Die uralte Verbindung führte von Bamberg ins 63 Kilometer entfernte Sulzfeld und mied als Weg für Kuriere Siedlungen. Noch heutzutage führt er auf der Höhe des Gebirgszuges entlang und ist – das stellen wir auch am Folgetag fest – perfektes Gravelterrain. Dank schön grobem Schotter, herrlicher Ausblicke und null Verkehr, von sehr seltenen Traktoren abgesehen.
Das Beste: Einmal oben angekommen, läuft es, dem „R“ auf schwarzem Grund folgend, sanft hügelauf, hügelab.

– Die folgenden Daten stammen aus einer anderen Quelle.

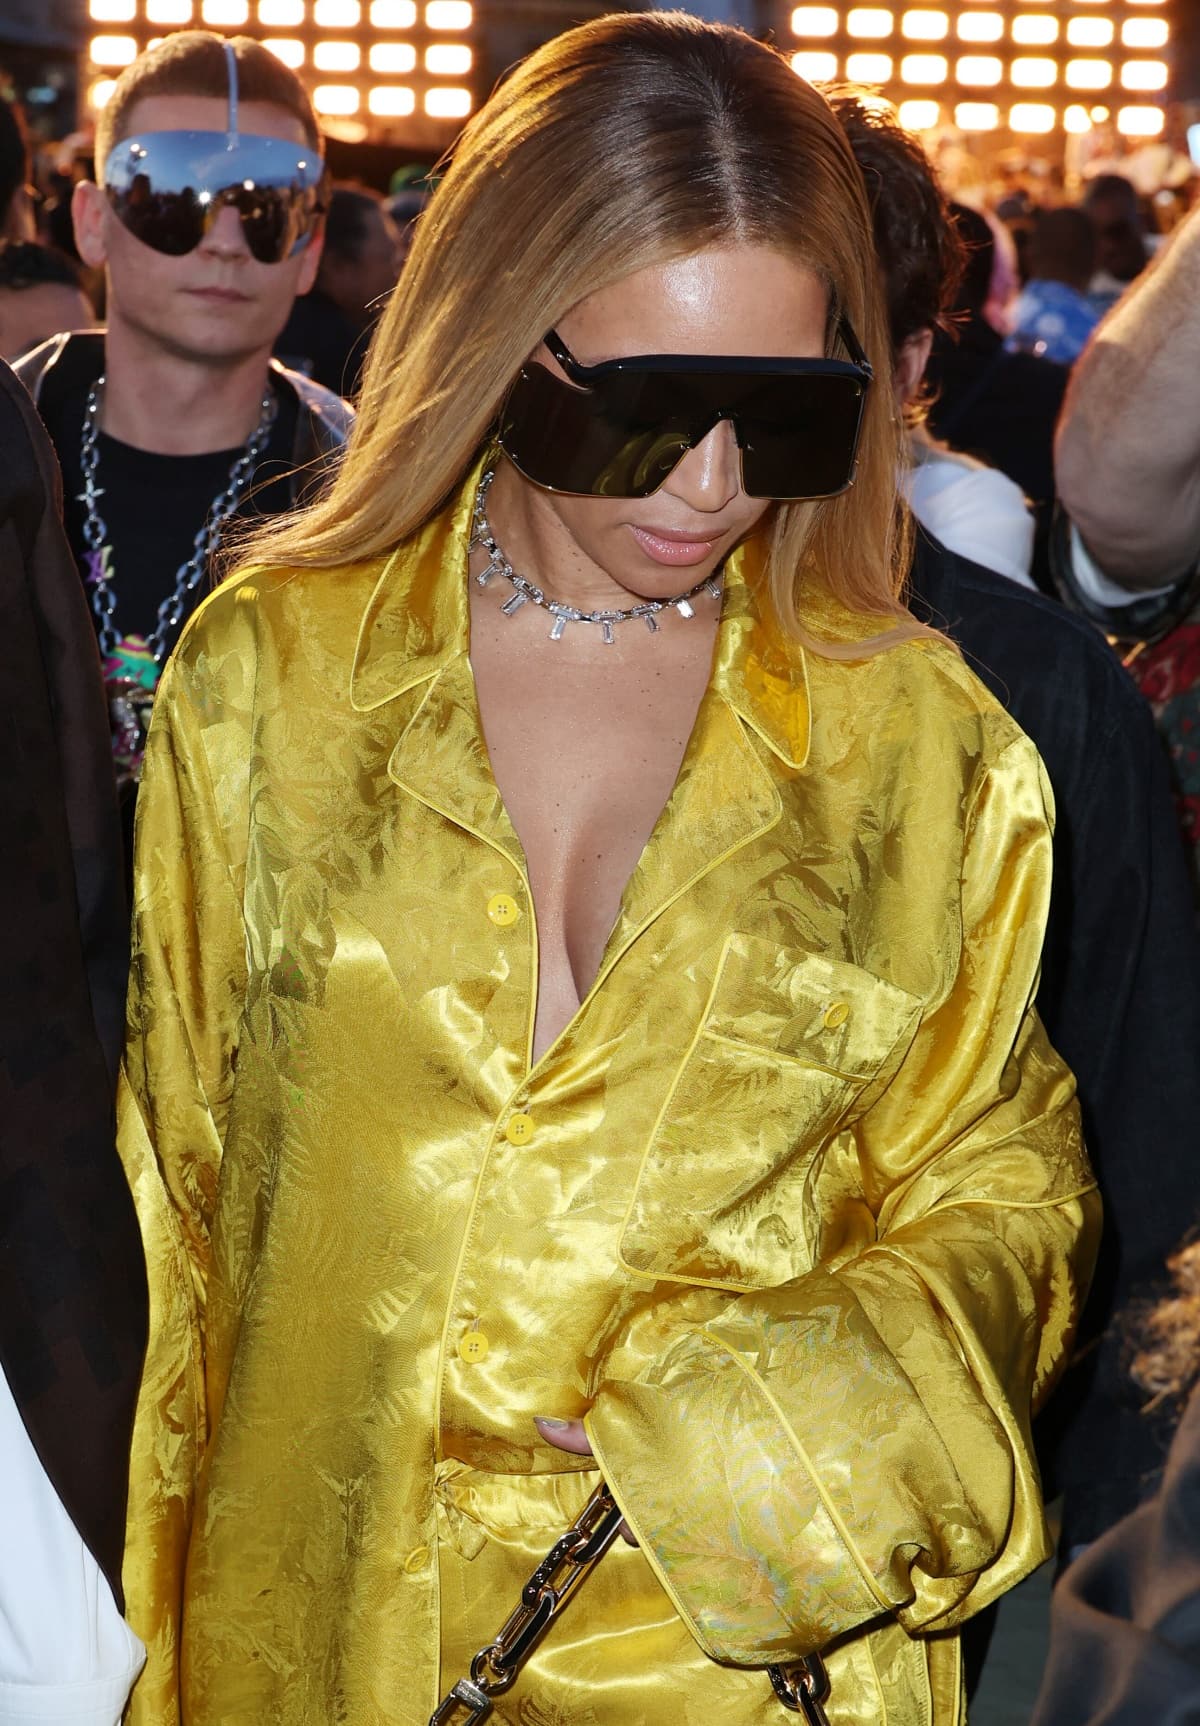 Beyonce wearing a custom golden pajama set from Louis Vuitton accessorized with oversized shield sunglasses, a diamond choker, and a Tiffany & Co. ring

So auch zum „Gutshof Andres“, wo es Bernd Andres mit seiner Kochkunst zur Michelin-Erwähnung geschafft hat, Spezialität: Fisch. Die Erfolgsformel lautet: Forelle + Silvaner = Topkombi. Vor allem wenn man in den recht neuen Zimmern gegenüber nächtigen kann.
Graveln mit „Arschrakete“
Haben wir am Vortag zu viel Sonne abgekriegt? Das sieht doch aus wie ein hölzernes Ufo! Nennt sich auch so: UFO47. Und steht für „Ungewöhnliches Ferienhaus Objekt“. Lässig! Das gilt auch für das, was uns Susanne noch so vom Gastgeber in Köslau erzählt. Von der ökologischen Bauweise der modernen Wohnung, dem Braubetrieb sowie der Option, sich Gravelbikes auszuleihen.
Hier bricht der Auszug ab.